# Key Value Pair Entity Conversion

* Author: docai-incubator@google.com

## Disclaimer

This tool is not supported by the Google engineering team or product team. It is provided and supported on a best-effort basis by the DocAI Incubator Team. No guarantees of performance are implied.	

## Purpose and Description

This tool uses Form parser JSON files (Parsed from a processor) from the GCS bucket as input, converts the key/value pair to the entities and stores it to the GCS bucket as JSON files.

## Prerequisites

1. Vertex AI Notebook
2. Labeled json files in GCS Folder

## Step by Step procedure 

### 1. Setup Input Variables


 * **PROJECT_ID:** provide your GCP project ID (Optional)
 * **bucket_name:** provide the bucket name 
 * **formparser_path:** provide the folder name of the jsons gor parsed with form parser.
 * **output_path:** provide for the folder name where jsons will be saved.
 * **entity_synonyms_list:** Here add the entity names in place of "Entity_1", "Entity_2" and  add the synonyms related to the entity in place of "Entity_1_synonyms_1" and so on.

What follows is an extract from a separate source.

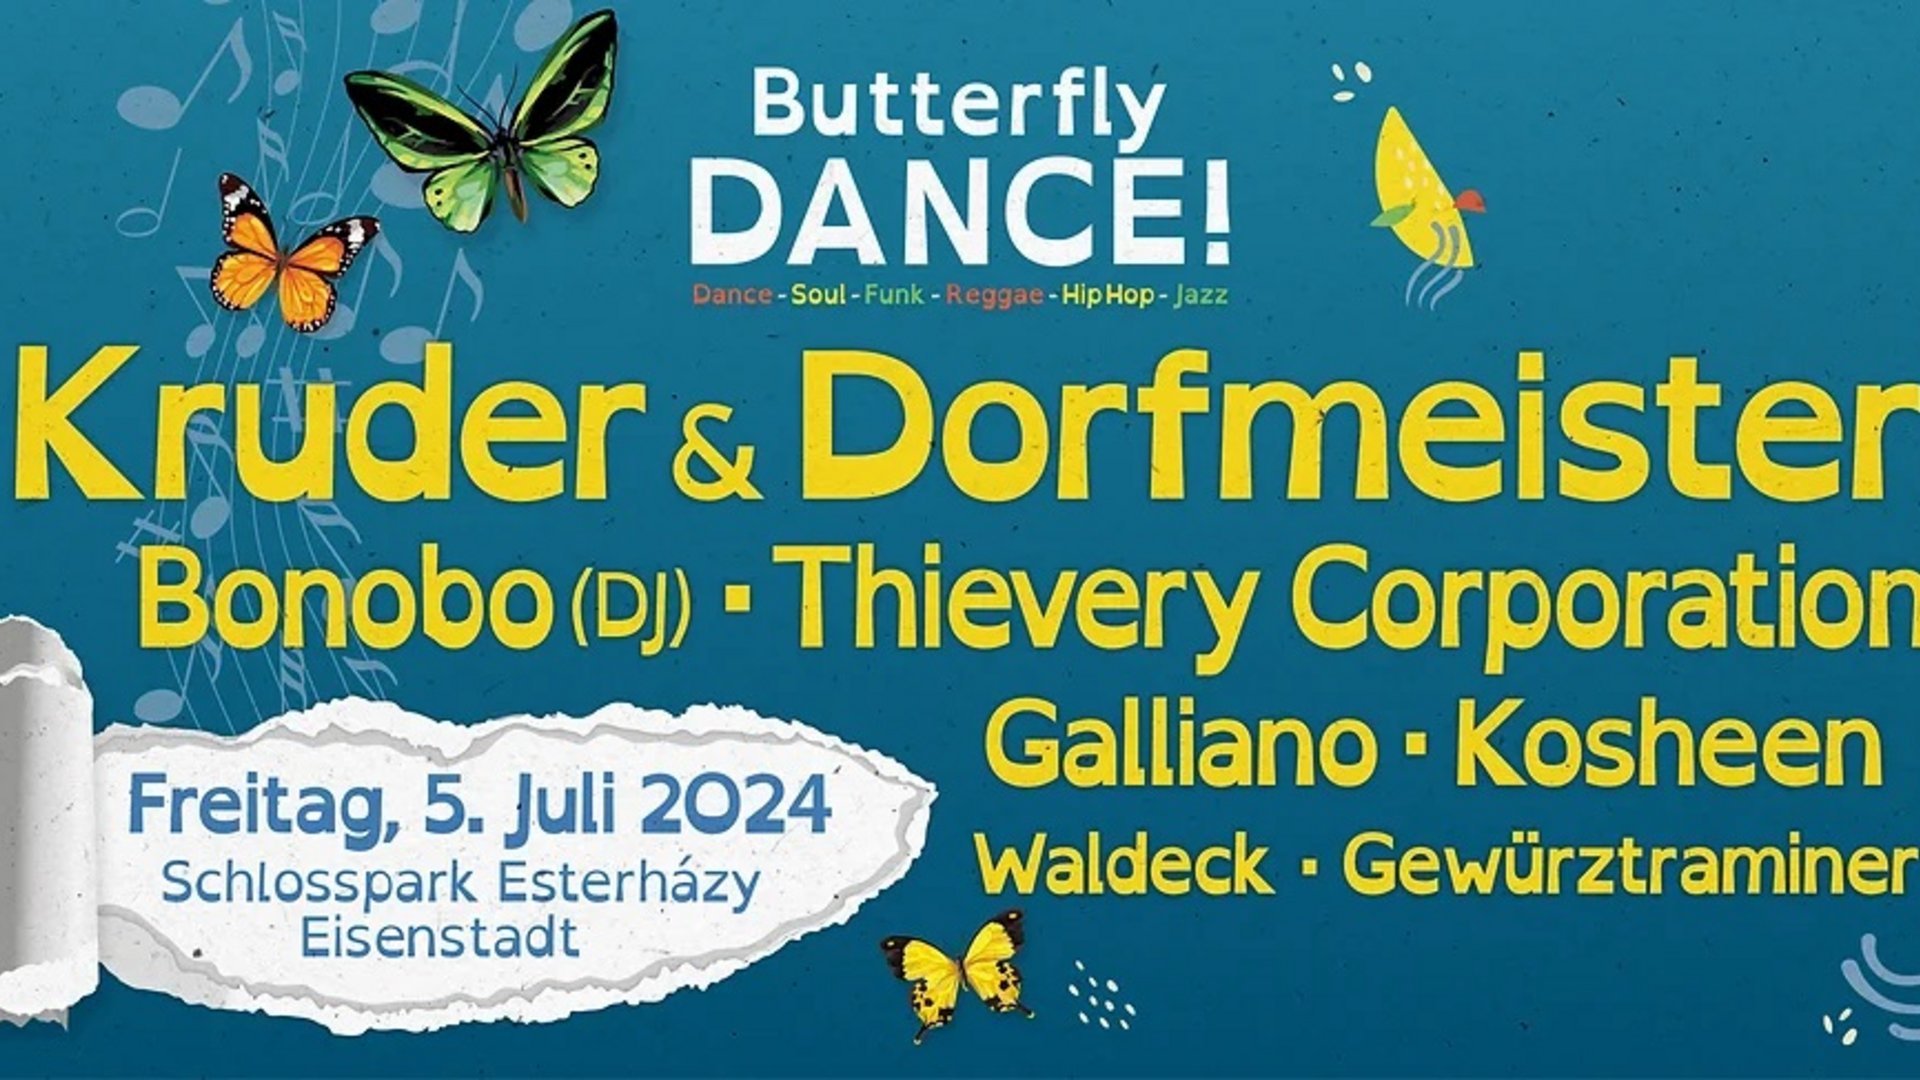 Butterfly Dance!-Shuttle 2024 - sponsored by Tourismusverband Nordburgenland

Add multiple entities with their synonyms in the list.

     [{"Entity_1":["Entity_1_synonyms_1","Entity_1_synonyms_2","Entity_1_synonyms_3"]},{"Entity_2":["Entity_2_synonyms_1","Entity_2_synonyms_2","Entity_2_synonyms_3"]}]

### 2. Output

We get the converted Json in the GCS path which is provided in the script with the variable name **output_path**. 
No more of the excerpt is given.